Multi-regional source of truth

Author:Murphy | View: 25610 | Time: 2025-03-23 19:24:44

I created a post a year ago about migration from Postgres to Snowflake, and here is another case of migration. This time I'm going to concentrate on the business case, architecture, and design rather than the technical aspects but I'll also try to share some tips that might be helpful.

The business case

It's a B2B (Business to Business) business. The company is an AaaS (Application as a Service) provider. It has its software product available as an online service for customers in multiple countries across the globe. It requires a BI (Business Intelligence) system mostly to give customers access to the data. Here are the most interesting requirements:

Some customers need access to ready-to-use dashboards and visualizations, and some want to pull the data into their DWH.
Since the customers operate in different countries, the data should stay in the region it was initially created in
The customers should see only their information. For the same region, the data is stored within the same database and the same tables, so row-level security must be applied
In the majority of cases, the customers want real-time data.

Let me start with what the existing architecture looked like:

The key characteristics are read-only replicas to pull the data, no DWH, and Looker on top of it. The obvious advantage of the solution is that it's the quickest one to set up. Replica, in general, has real-time data. Looker takes care of transformations, semantic layer, and visualizations. The row-level security is also implemented in Looker using different filters. Unfortunately, that's probably the only advantage, and it has a lot of drawbacks.

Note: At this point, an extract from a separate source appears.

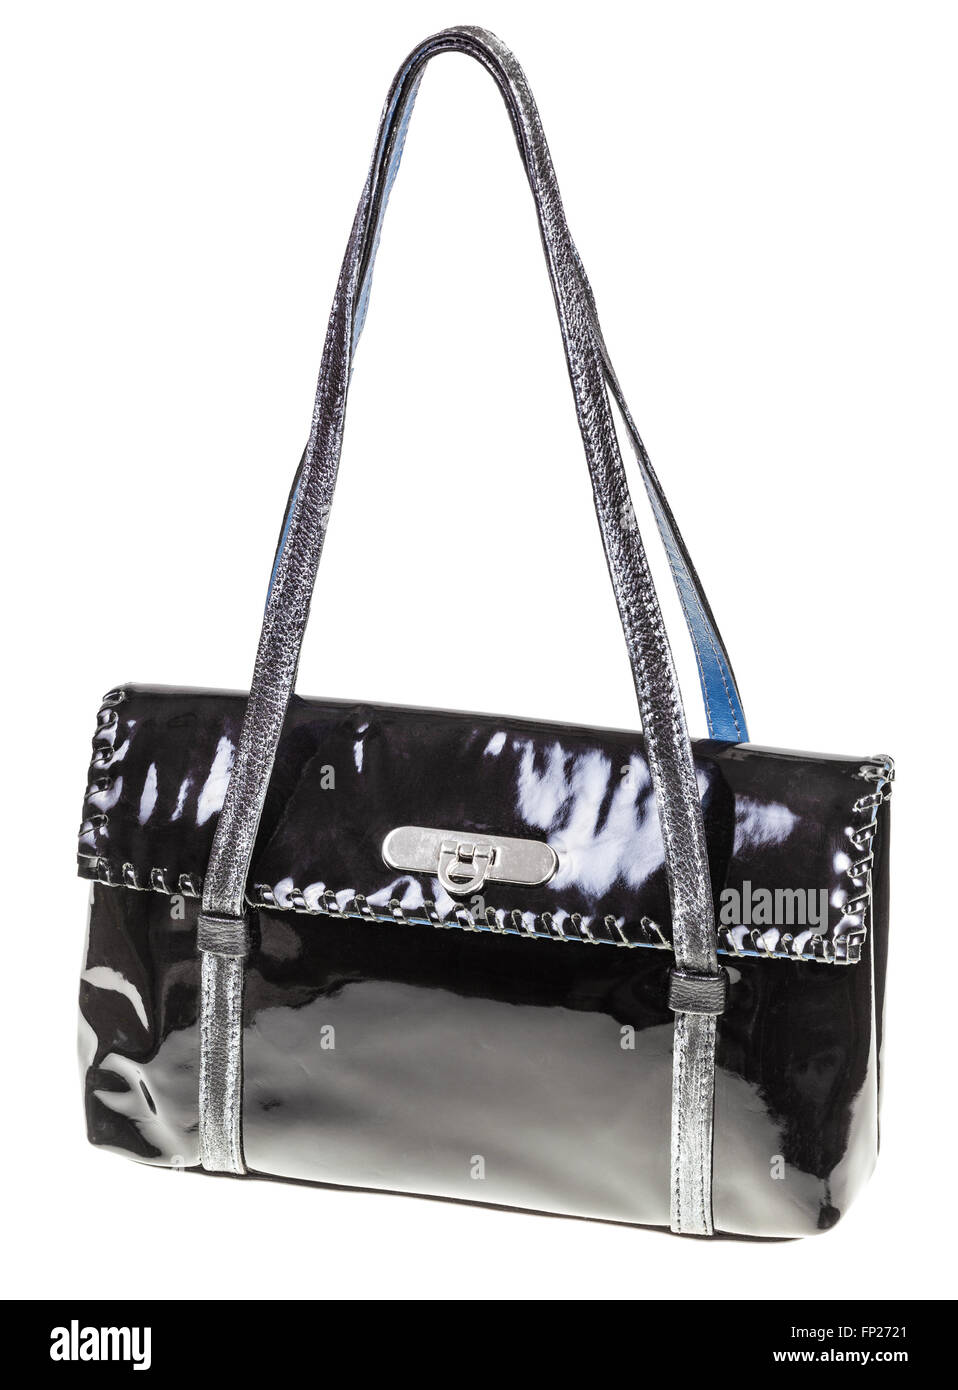 Share 77+ black patent leather bags best - in.duhocakina

Very limited ability to apply any modern data engineering techniques. We can't save the transformed data, we can't use proper tools to do the transformation, implement pipelines, auto-tests, etc. Basically, the only available instrument is a Looker Derived Tables functionality.
As there is no DWH, it's impossible to pull data from other sources like CRM, mix the data from different services, or upload any static dictionary. The BI is limited to the data that is saved there by one particular software product.
As I've mentioned earlier, some customers need to pull the data and they'd like to have as low-level and raw data as possible. Looker does a great job delivering the reports but it works on top of its semantic layer which already has some joins, not all the fields are available and each Looker explore is designed for a specific business process. The structure is not optimized for export.
Performance. This is probably the biggest problem as the OLTP database is not designed for analytical purposes and we don't have control over indexes as we work with read-only replicas. It leads not only to initial slow performance but also to performance degradation as without the indexes the more data we have the slower the queries are.

The solution

The most straightforward way to address those drawbacks was to introduce a DWH layer which we did. The new design looked like this:

Streaming data

There are various providers on the market to do the streaming, we've chosen Fivetran but one can have a look at Stitch, Airbyte, or any open-source framework like Meltano or poor Singer. We've also considered Google Storage Transfer Service, but it was in the raw state and didn't have enough flexibility.

The whole process of the streaming setup wasn't without issues, of course. Here are some of them:

The OLTP database didn't have public access so a VPN had to be set up for Fivetran to pull the data. It involved some network configuration and required additional back and forth to decide on the solution that worked for both Fivetran and us
Fivetran adds to the database load, so we had to setup additional monitoring, and make sure that the stream doesn't affect the main functionality
The initial plan was to sync data every 5 minutes but it was causing connections to time out and was throwing errors in logs due to the big volume of changes. Fivetran was able to recover so it was no data loss but it was generating a mess that was making it difficult to distinguish between real errors and these overload errors. There was no straightforward solution but to relax requirements related to having real-time data and start pulling the data less frequently.

Transforming data

The BigQuery was chosen mainly because it satisfies all the requirements we had and the majority of the existing infrastructure is also in Google cloud so the transition was supposed to be smooth.

Since we now have DWH, which is not read-only, we were able to utilize the DBT tool to perform data transformation and mix data from different sources, but even without any transformations, with Looker querying the same data as before but from BigQuery, the performance has improved dramatically, sometimes more than 100 times for the heavy tables.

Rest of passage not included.